Egyptian presidential candidate Hazem Omar spoke about what he called “red lines” in the Grand Ethiopian Renaissance Dam (GERD) dispute, which he warned would call for “hard force” if Ethiopia crossed them.
During an interview with MBC Masr TV channel, Omar said that his “program regarding water security” includes negotiating as a path but will also fall on “hard force” if forced into it.
He continued, “We must set our red lines so that everyone knows them, because when our partners know our red lines, there is no attempt to cross them, because once crossed there can be no negotiations or understandings, and my duty as President is to protect the Egyptian people’s right to life.”

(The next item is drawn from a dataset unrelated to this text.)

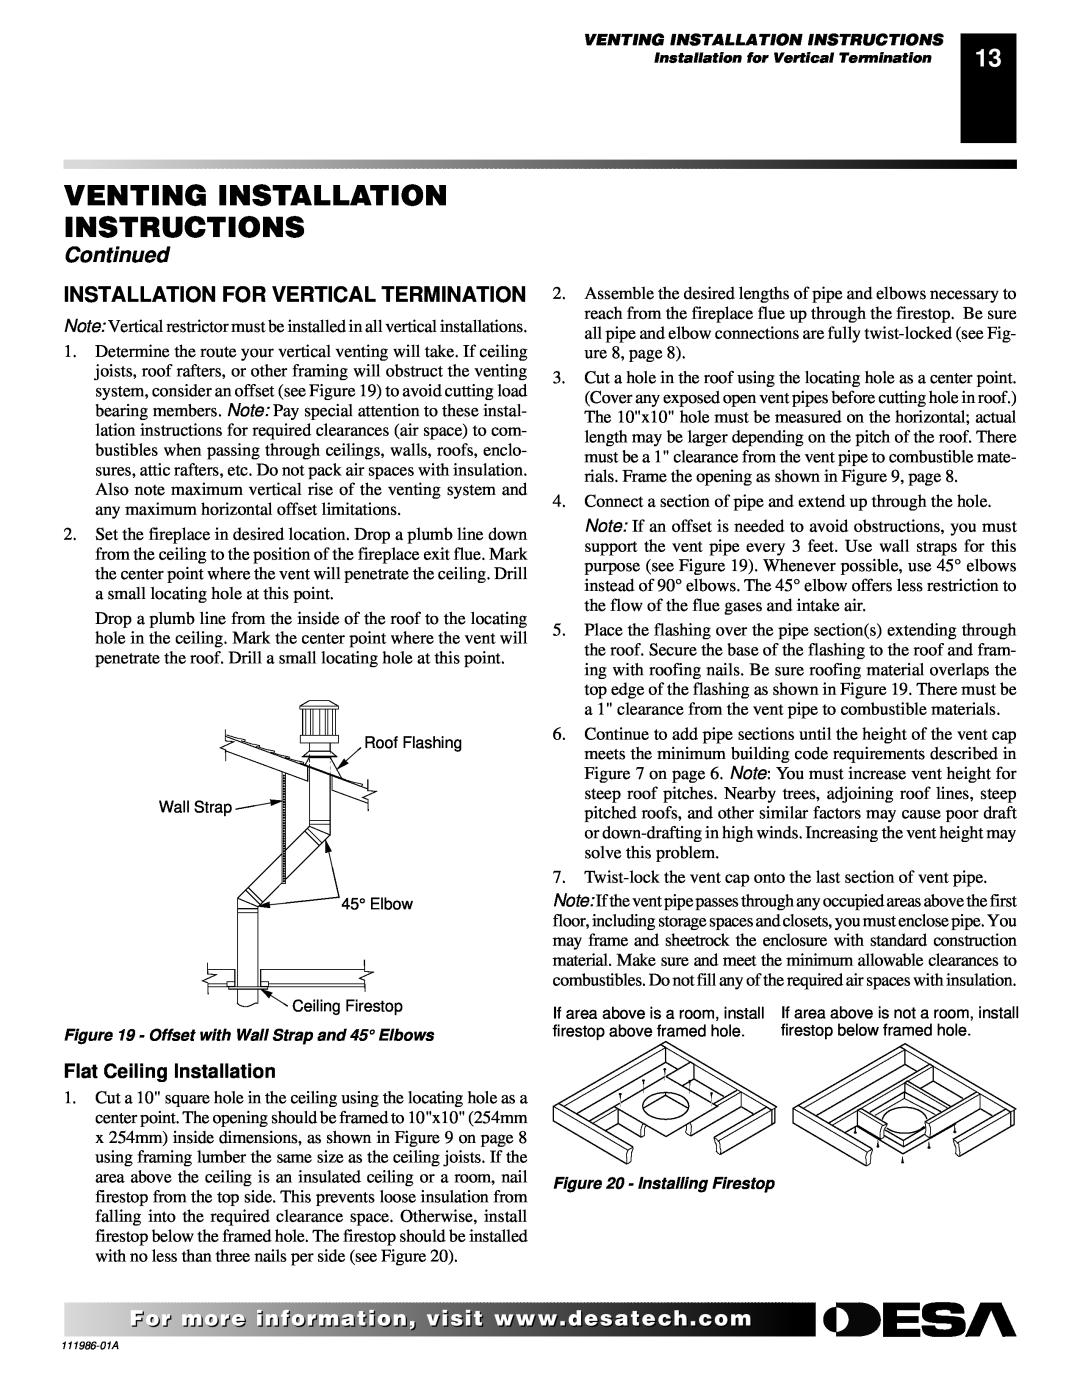 Desa T32N Installation For Vertical Termination, Flat Ceiling Installation, Venting Installation Instructions, Continued 
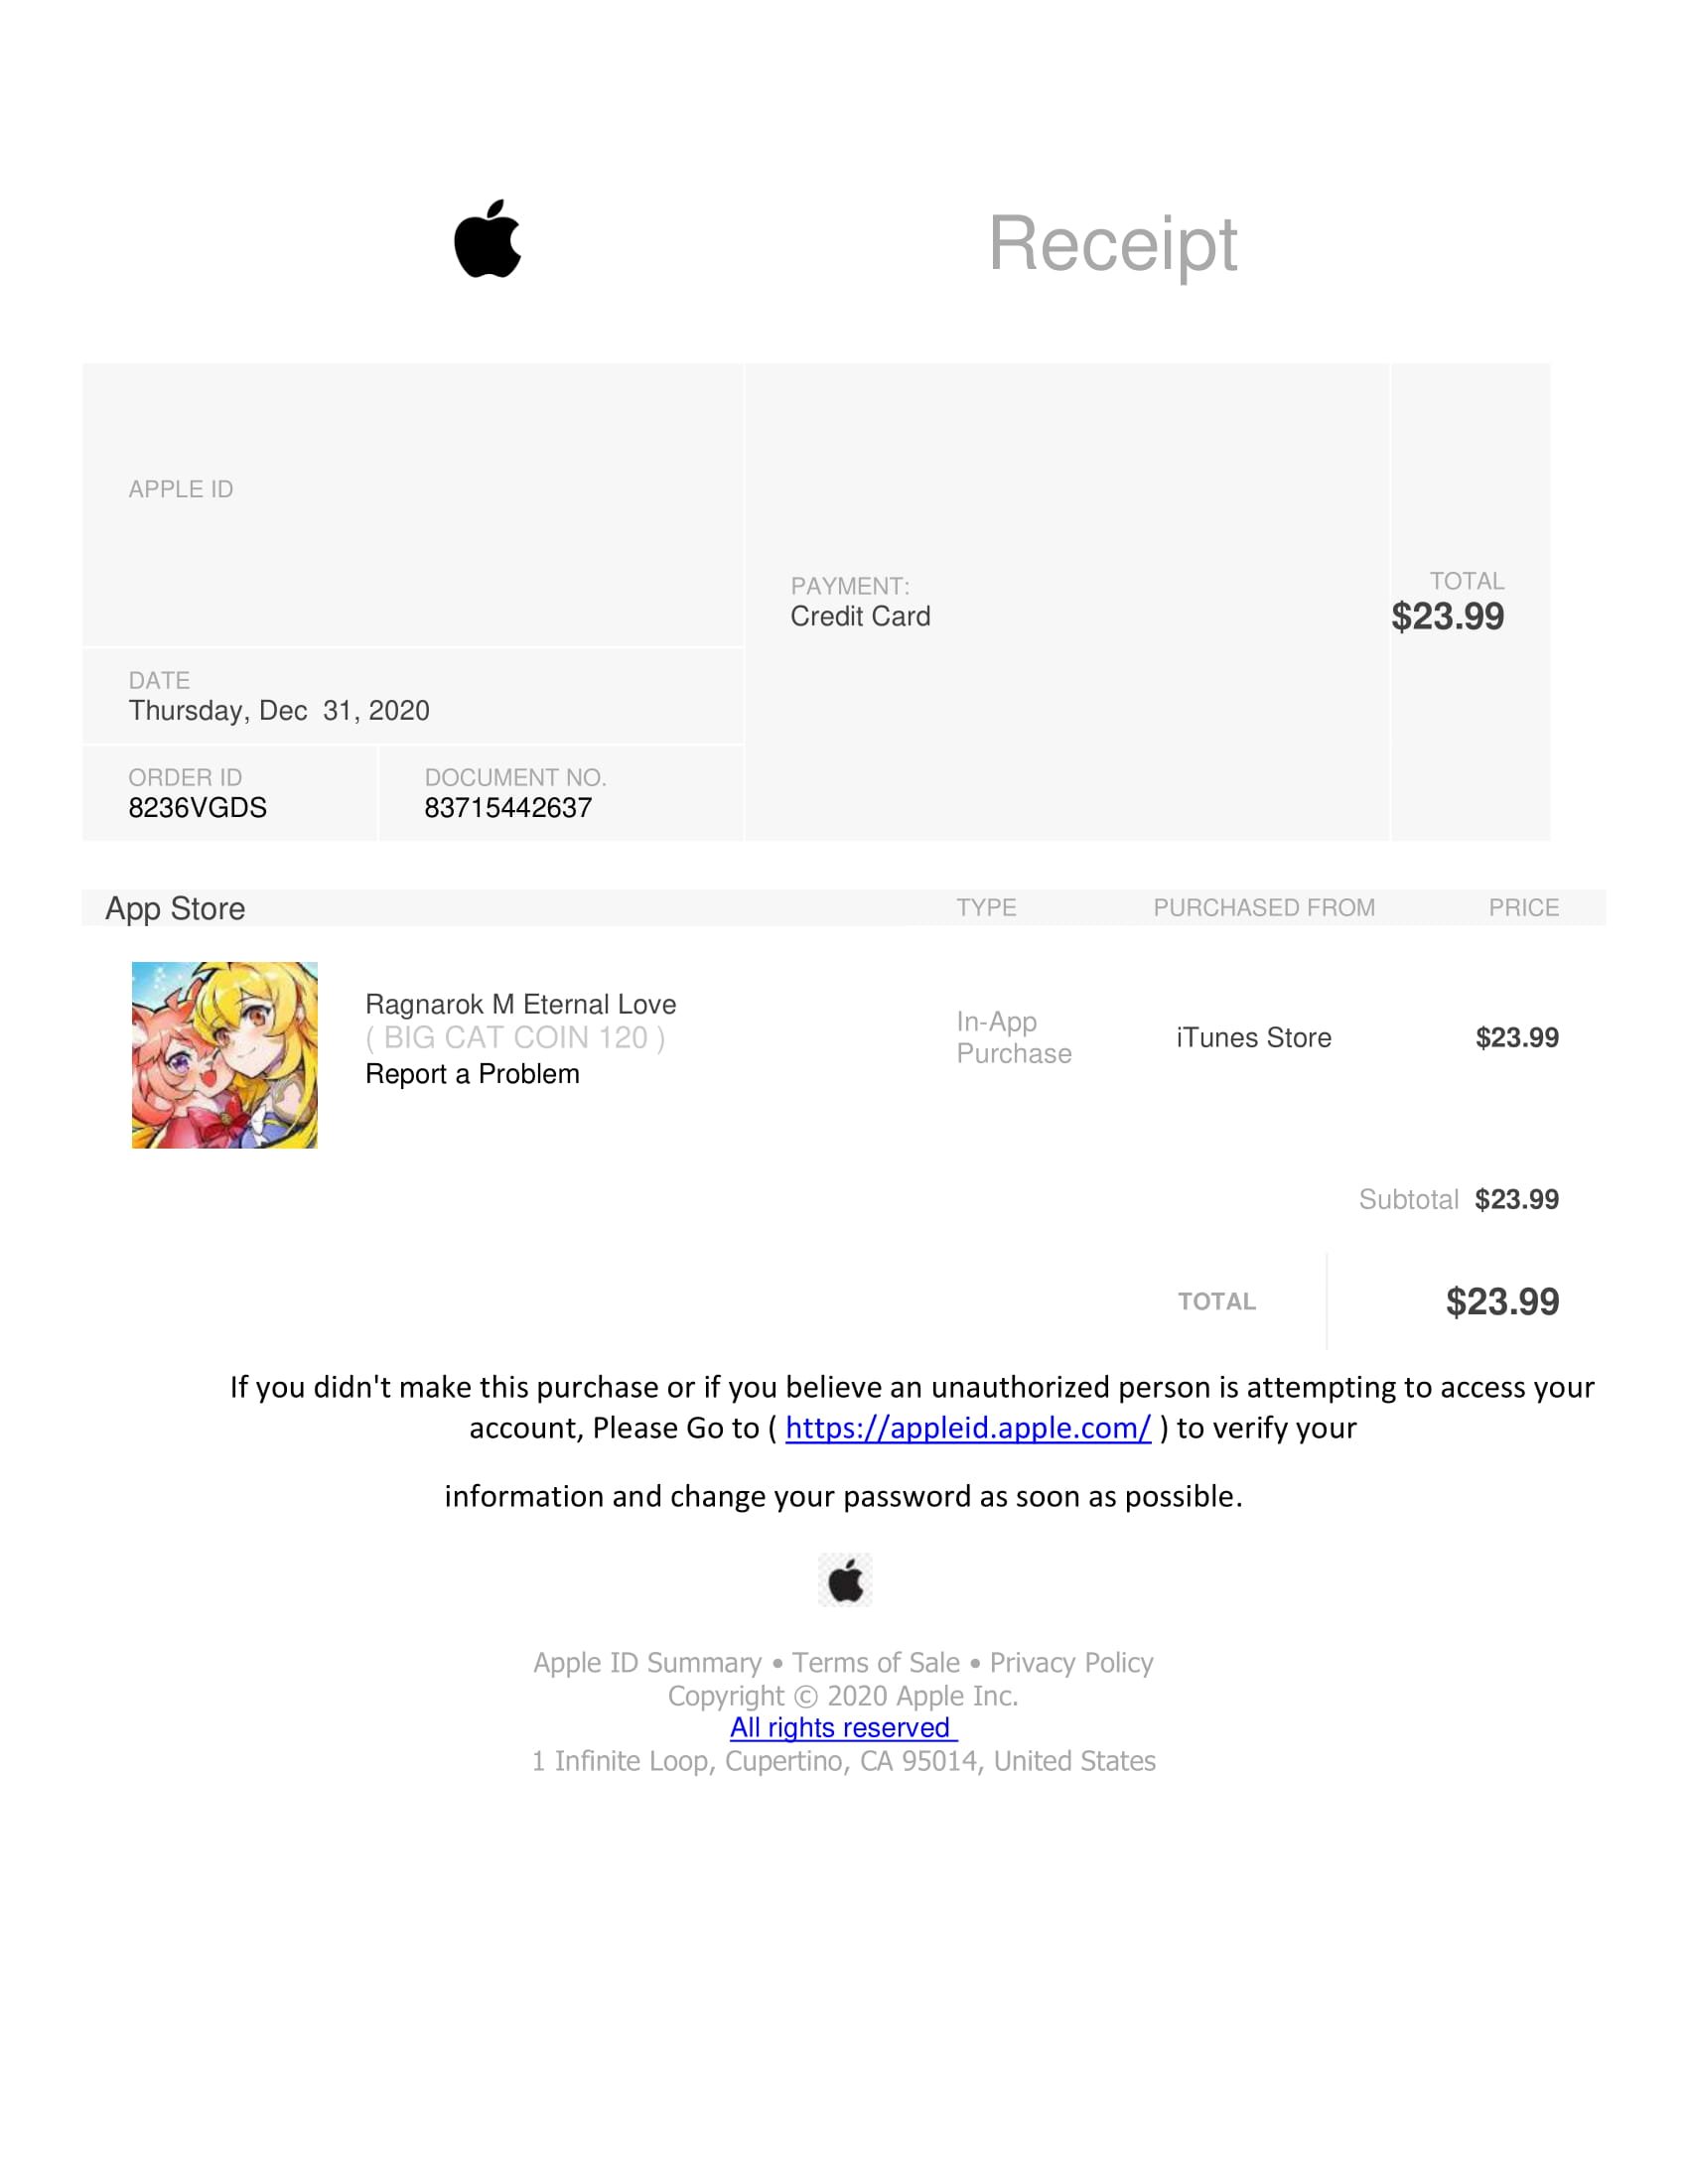 Apple Support Scam Email Invoices- Summoners War, Chest of Crystals Report a Problem

“We must have constants in the negotiating process, including agreeing on the rules for filling, operating the dam, exchanging data, and concluding a binding legal agreement.”
Omar explained, “We asked the Ethiopians to reduce the filling rate if the Blue Nile’s revenue reached 43 billion cubic meters annually, and to slow down the filling rate if the Blue Nile’s revenue reached 40 billion cubic meters annually, and to stop filling completely if the Blue Nile’s revenue reached 37 billion cubic meters.”
He noted that the average revenue of Blue Nile is 48.5 billion cubic meters annually.
“If the Blue Nile’s revenue falls below 37 billion cubic meters after five-seven years of extended drought and Ethiopia continues to fill, this is one of the cases of calling for hard force. The other matter is that if Ethiopia begins building water-consuming irrigation dams with a storage volume that affects the share of Egypt, this is also a red line.”
Omar assured that he would not wait for Ethiopia to cross these “red lines,” referring to the tools by which Egypt imposes pressure while utilizing soft power so long as Ethiopia does not cross the line.